Requirement: Reproduce, exactly, the lines of the material below from the line containing "Gestützt auf einen" through the line containing "Cafe in Paris.", with both end lines included and nothing else.

Given data:
%%

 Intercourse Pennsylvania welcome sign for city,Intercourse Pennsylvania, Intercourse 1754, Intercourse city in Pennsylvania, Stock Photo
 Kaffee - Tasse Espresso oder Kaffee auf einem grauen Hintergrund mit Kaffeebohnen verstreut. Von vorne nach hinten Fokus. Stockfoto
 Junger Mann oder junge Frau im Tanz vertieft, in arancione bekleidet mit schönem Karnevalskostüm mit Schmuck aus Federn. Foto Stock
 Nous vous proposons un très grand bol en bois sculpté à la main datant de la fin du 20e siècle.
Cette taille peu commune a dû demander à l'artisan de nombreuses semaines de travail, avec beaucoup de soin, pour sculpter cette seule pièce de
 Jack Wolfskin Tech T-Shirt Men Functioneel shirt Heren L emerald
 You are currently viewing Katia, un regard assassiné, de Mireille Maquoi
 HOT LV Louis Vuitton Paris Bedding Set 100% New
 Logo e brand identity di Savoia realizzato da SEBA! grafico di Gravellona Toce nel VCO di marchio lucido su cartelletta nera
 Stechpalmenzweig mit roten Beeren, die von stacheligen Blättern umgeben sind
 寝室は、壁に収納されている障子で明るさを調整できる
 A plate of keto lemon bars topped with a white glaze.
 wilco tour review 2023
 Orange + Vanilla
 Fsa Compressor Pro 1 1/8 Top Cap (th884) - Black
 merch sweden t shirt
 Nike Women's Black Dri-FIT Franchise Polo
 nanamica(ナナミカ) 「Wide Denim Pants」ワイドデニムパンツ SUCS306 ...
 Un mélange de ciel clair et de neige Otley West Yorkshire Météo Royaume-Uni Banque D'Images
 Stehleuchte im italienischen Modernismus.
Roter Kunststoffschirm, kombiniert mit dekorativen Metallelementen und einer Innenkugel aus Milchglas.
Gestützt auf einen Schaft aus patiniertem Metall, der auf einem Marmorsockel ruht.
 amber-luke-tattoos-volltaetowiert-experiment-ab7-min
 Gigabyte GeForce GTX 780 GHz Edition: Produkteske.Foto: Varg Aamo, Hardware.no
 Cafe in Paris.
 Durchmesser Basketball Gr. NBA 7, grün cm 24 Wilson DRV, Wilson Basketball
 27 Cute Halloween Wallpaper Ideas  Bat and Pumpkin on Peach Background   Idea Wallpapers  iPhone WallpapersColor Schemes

%%

Solution:
Gestützt auf einen Schaft aus patiniertem Metall, der auf einem Marmorsockel ruht.
 amber-luke-tattoos-volltaetowiert-experiment-ab7-min
 Gigabyte GeForce GTX 780 GHz Edition: Produkteske.Foto: Varg Aamo, Hardware.no
 Cafe in Paris.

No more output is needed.